Create new column on pandas DataFrame in which the entries are randomly selected entries from another column

I have a DataFrame with the following structure.
df = pd.DataFrame({'tenant_id': [1,1,1,2,2,2,3,3,7,7], 'user_id': ['ab1', 'avc1', 'bc2', 'iuyt', 'fvg', 'fbh', 'bcv', 'bcb', 'yth', 'ytn'],
'text':['apple', 'ball', 'card', 'toy', 'sleep', 'happy', 'sad', 'be', 'u', 'pop']})
This gives the following output:
df = df[['tenant_id', 'user_id', 'text']]
tenant_id user_id text
1 ab1 apple
1 avc1 ball
1 bc2 card
2 iuyt toy
2 fvg sleep
2 fbh happy
3 bcv sad
3 bcb be
7 yth u
7 ytn pop
I would like to groupby on tenant_id and create a new column which is a random selection of strings from the user_id column.

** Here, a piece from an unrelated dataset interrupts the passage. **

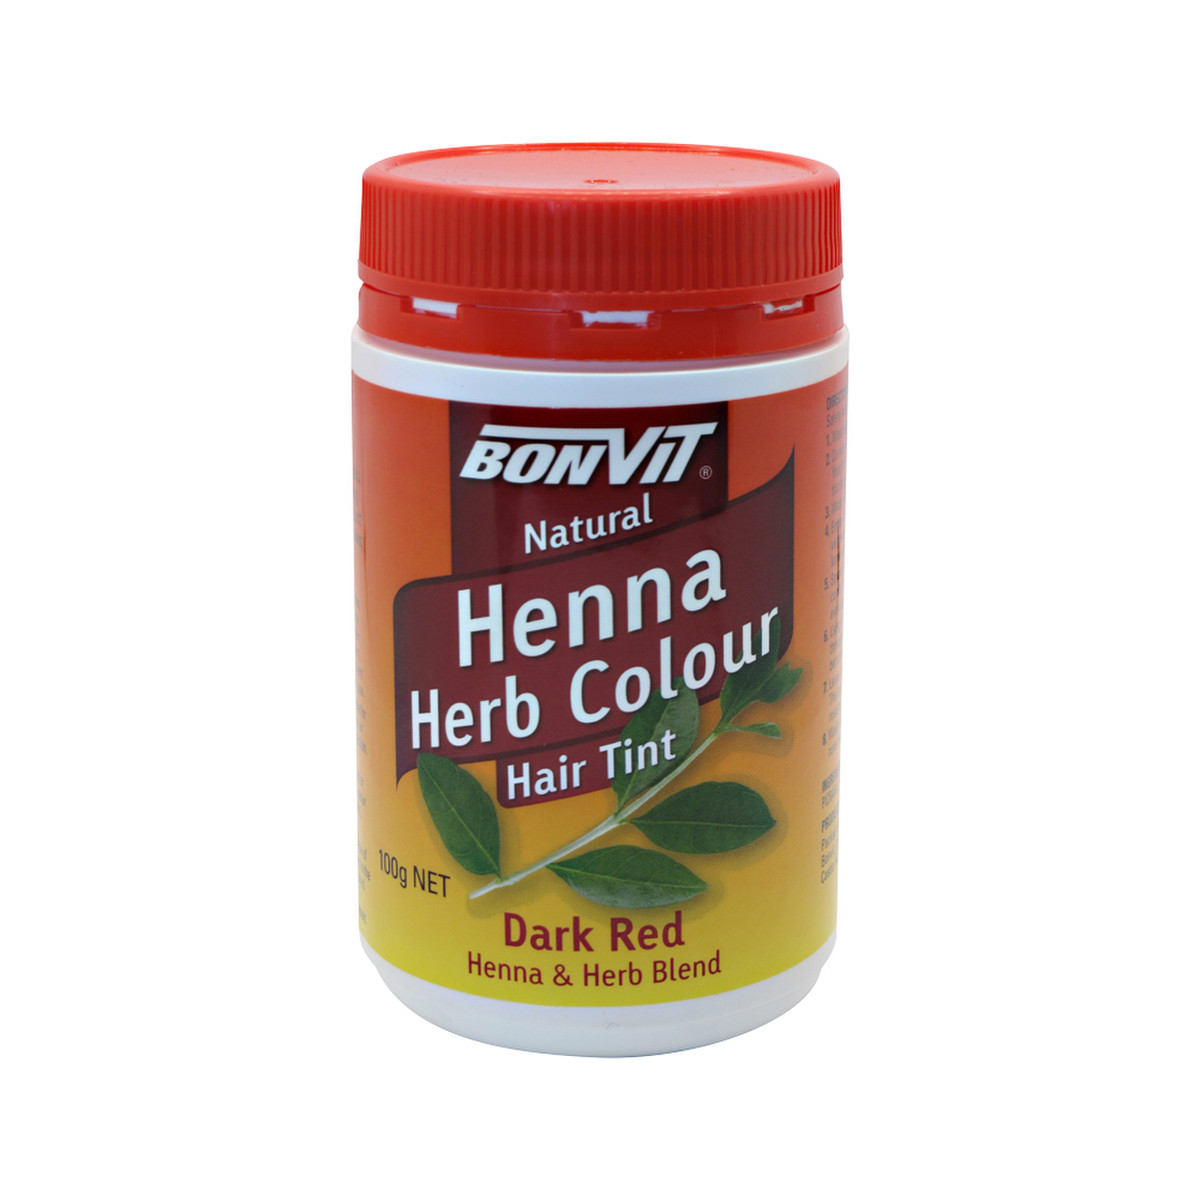 Bonvit Henna Herb Colour Hair Tint Dark Red 100g

Thus, I would like my output to look like the following:
tenant_id user_id text new_column
1 ab1 apple [ab1, bc2]
1 avc1 ball [ab1]
1 bc2 card [avc1]
2 iuyt toy [fvg, fbh]
2 fvg sleep [fbh]
2 fbh happy [fvg]
3 bcv sad [bcb]
3 bcb be [bcv]
7 yth u [pop]
7 ytn pop [u]
Here, random id's from the user_id column have been selected, these id's can be repeated as "fvg" is repeated for tenant_id=2. I would like to have a threshold of not more than ten id's. This data is just a sample and has only 10 id's to start with, so generally any number much less than the total number of user_id's. This case say 1 less than total user_id's that belong to a tenant.
i tried first figuring out how to select random subset of varying length with
df.sample
new_column = df.user_id.sample(n=np.random.randint(1, 10)))
I am kinda lost after this, assigning it to my df results in Nan's, probably because they are of variable lengths. Please help.
Thanks.
per my comment:
Your 'new column' is not a new column, it's a new cell for a single row.
If you want to assign the result to a new column, you need to create a new column, and apply the cell computation to it.
df['new column'] = df['user_id'].apply(lambda x: df.user_id.sample(n=np.random.randint(1, 10))))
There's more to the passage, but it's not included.